## Problem details
The reply should consist solely of the lines from the one with "Port Authority S663" through the final line of the listing, copied exactly, with no pictures.

## Collected material
Segment Open
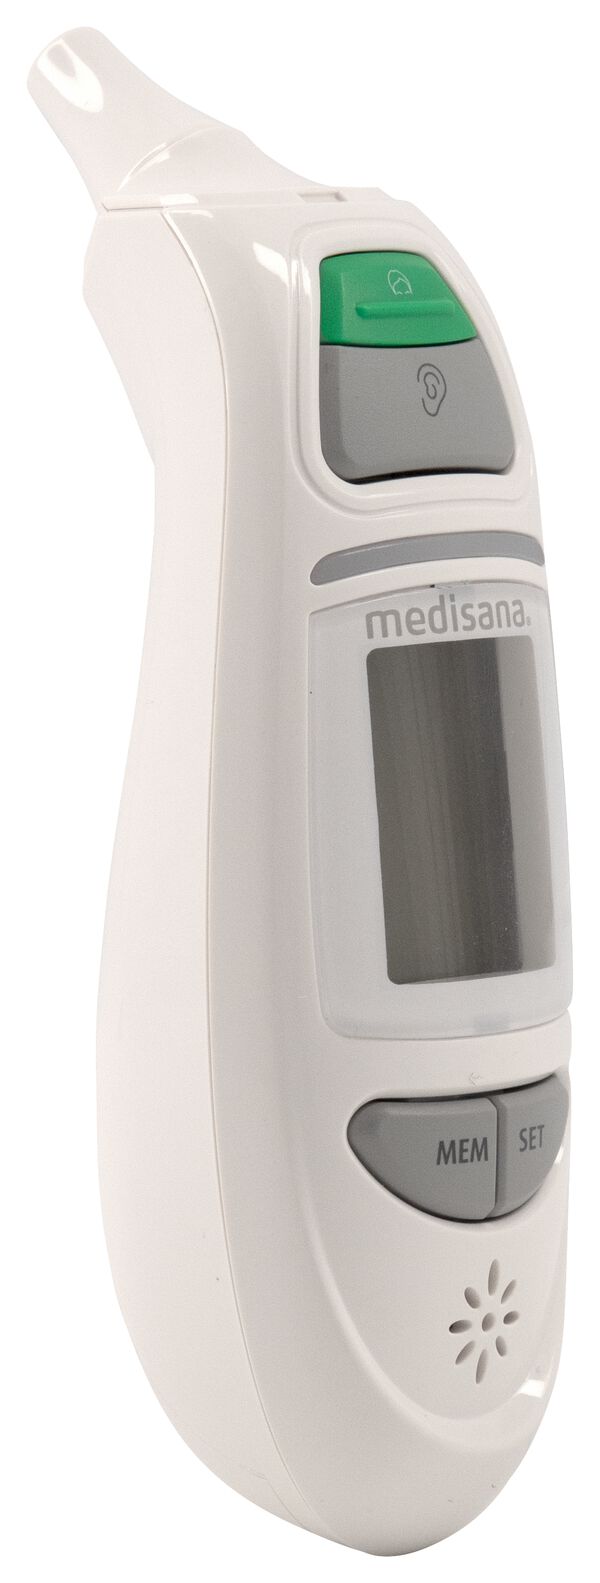 thermomètre multifonctionnel infrarouge Medisana - 11972023 - HEMA
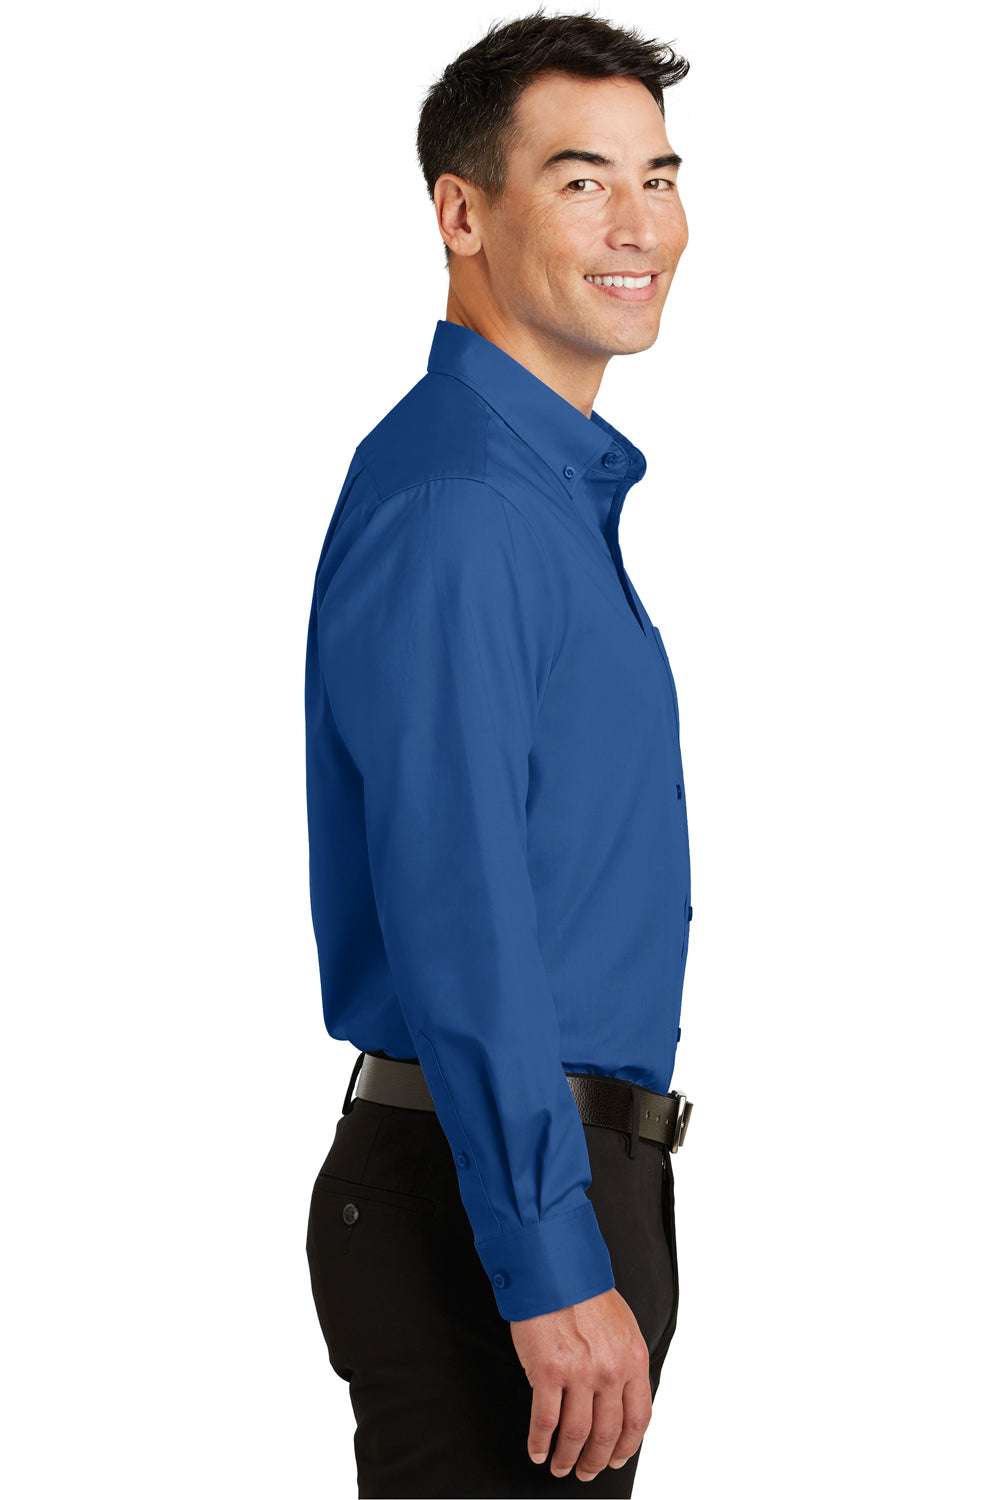 Port Authority S663 Mens SuperPro Wrinkle Resistant Long Sleeve Button Down Shirt w/ Pocket Royal Blue Side
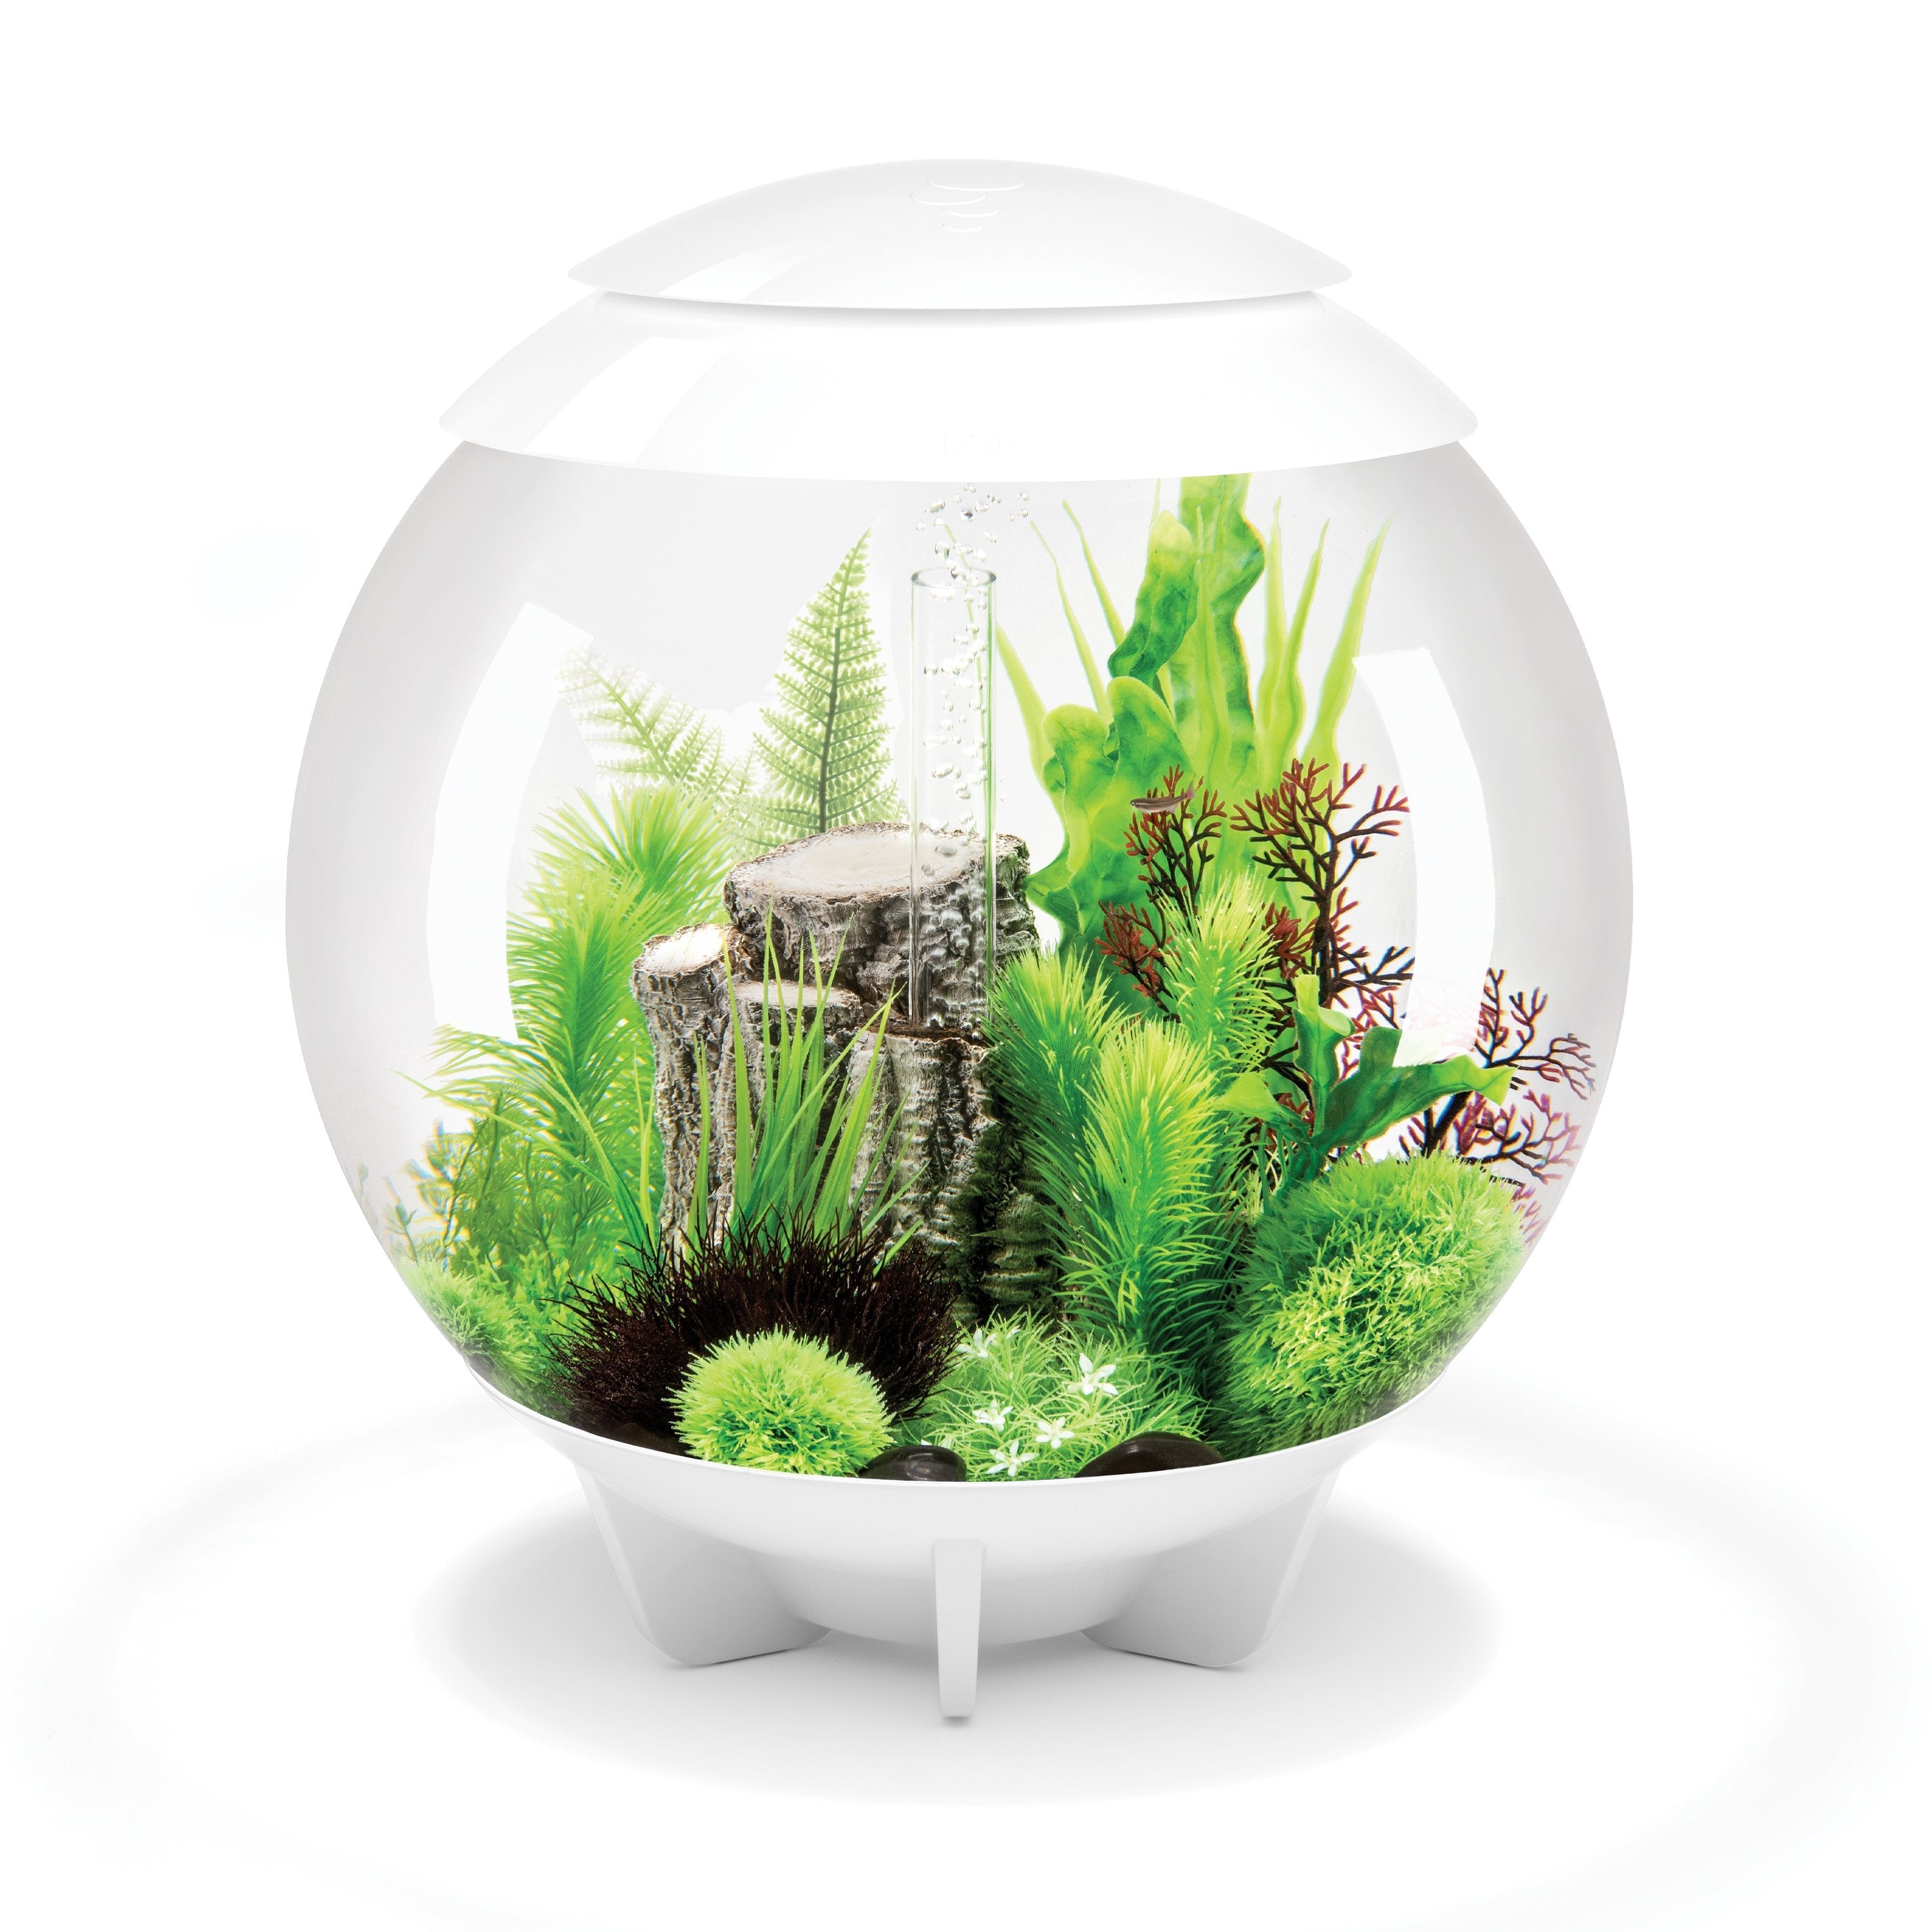 Get inspiration for your aquarium design by using the biOrb Winter Fern Aquarium Plant Set of 2
Segment Closed
## Exercise answer
 Port Authority S663 Mens SuperPro Wrinkle Resistant Long Sleeve Button Down Shirt w/ Pocket Royal Blue Side
 Get inspiration for your aquarium design by using the biOrb Winter Fern Aquarium Plant Set of 2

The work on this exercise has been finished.